The Charlottesville City Council has committed nearly a quarter-million dollars toward helping the Thomas Jefferson Community Land Trust meet its goal of creating more affordable homes in one of Virginia’s hottest real estate markets.

The council voted 3-2 at its meeting Monday night to spend $240,000 from the Charlottesville Affordable Housing Fund to allow the land trust to purchase and develop four lots on Nassau Street in the far southeastern corner of the city.

“They are some of the few remaining lots in the city that are low enough in cost to build an affordable home,” said Frazier Bell, chairman of the land trust’s board of directors.

Councilors Wes Bellamy and Bob Fenwick voted against the project out of concerns the land trust model short-changes those who seek to create wealth though homeownership.

“We need to think about that as a whole as we talk about moving people out of poverty,” Bellamy said.

The councilor who serves on the Housing Advisory Committee said she understands the concern but said it is a common best-practice.

“The land trust model has been used across the world not only to create the possibility of buying a house, but to maintain that affordability over time,” said Kristin Szakos.

The nonprofit land trust organization will partner with Habitat for Humanity of Greater Charlottesville to build the units. That nonprofit also will prepare the lots for construction by grading them and installing utility hookups.

“They are excellent partners, and I really believe in what they are doing,” said Dan Rosensweig, chief executive officer of Habitat. “It certainly helps us to remove the cost of land from the project, and we’re able to pass that along to our families.”

Habitat will find qualified families who make less than 80 percent of the area’s annual median income of $77,800. Charlottesville has a goal of having 15 percent of the city’s total housing stock be affordable to people in that income range by 2025.

To meet that goal, the City Council created the affordable housing fund in 2007 to help leverage funds for various projects. This is the second time this year it has been used to support a project shepherded by the Thomas Jefferson Community Land Trust.

“Underneath the community land trust model, the TJCLT maintains ownership of the land, conveying use of the land and associated structures to qualifying homeowners via a 90-year lease,” said Stacy Pethia, the city’s housing coordinator.

The idea is that the structure can be kept affordable because the cost of the land is no longer a factor to the homeowner.

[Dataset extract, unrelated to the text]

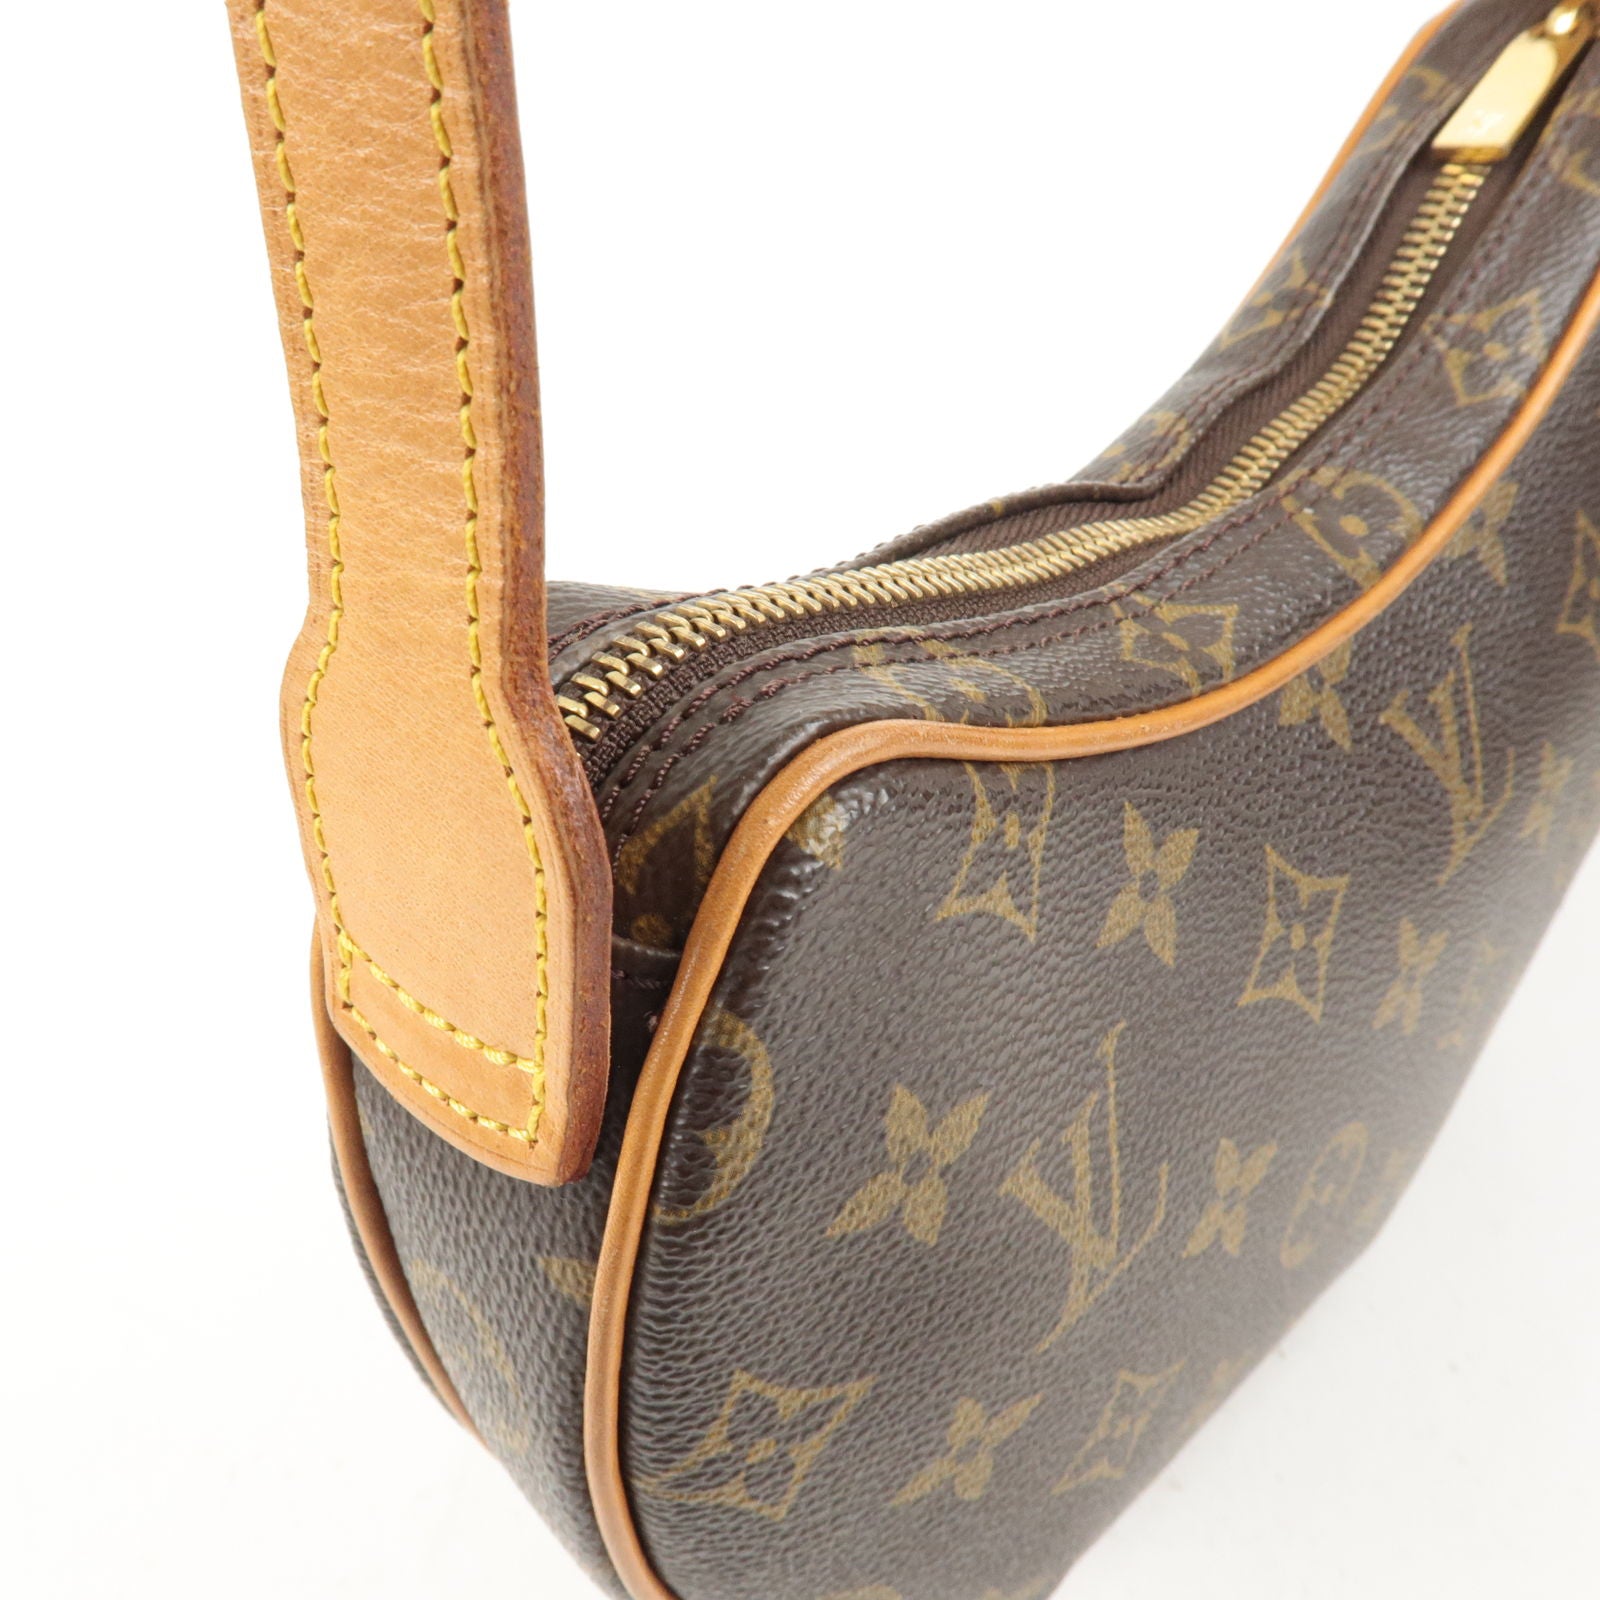 Vuitton - M51510 – Louis Vuitton 2004 pre - owned Marly crossbody

In February, the council approved $4,595 to cover administrative costs for the purchase of a property on Forest Ridge Road. That project helped a woman at 48 percent of the area median income to purchase a home for the first time.

The U.S. Department of Housing and Urban Development supplied the funding for the land purchase in that case. This time around, the city has been asked to help subsidize the land purchase as well as the construction costs. When completed, that will bring the total number of homes in the TJCLT’s portfolio to 12.

“While the city has been very good about helping us with these grants, we recognize that to grow, other sources of funding need to be identified,” Bell said. “We also want to find suitable properties in Albemarle, and hope the county will work with us to do this.”

The land trust is working with various groups on a plan to hire a part-time executive director to oversee its expansion efforts.

“Our board is all volunteers and most of us have full-time jobs,” Bell said. “That makes it extremely hard for any of us to spend the time necessary to take us to the next level.”

The four lots will be purchased from an entity known as Franklin Street Land Trust III, which entered into a contract with the Thomas Jefferson Community Land Trust on March 8.

The TJCLT entered into a contract with Habitat on March 22 that states the latter will build the homes and will be reimbursed. Habitat will secure the funds to build the four single-family homes.

Rosensweig said the cost for Habitat for each unit will be about $80,000 and the rest of the money will come from a variety of sources, including the mortgage payments that will be made by each new Habitat family.

“We build to a higher standard for less cost than almost any other builder around here because of volunteer labor,” Rosensweig said.

In this case, Habitat is not the direct recipient of the money from the affordable housing fund, but the organization has tapped into the program for other uses, including assistance with down-payments.

“We’ve used it for land purchase and for land development,” Rosensweig said. “We got some support at Belmont Cottages to help with development of the land. It mostly fills in gaps and shrinks the distance between what we can afford to pay and what you have to pay to build a house or develop a mixed-income neighborhood.”

This year, the City Council agreed to double the amount of funding allocated to the affordable housing fund over the next five years to a total of $16 million.

Rosensweig said the “housing ecosystem” in Charlottesville is out of balance between supply and demand.

“For some people, the housing solution is a ramp so they can stay in a unit,” Rosensweig said. “For some people, it’s a [single-room-occupancy] unit. For others, it’s affordable homeownership. We have to bring new approaches, processes and funding to the table so we can align need with supply.”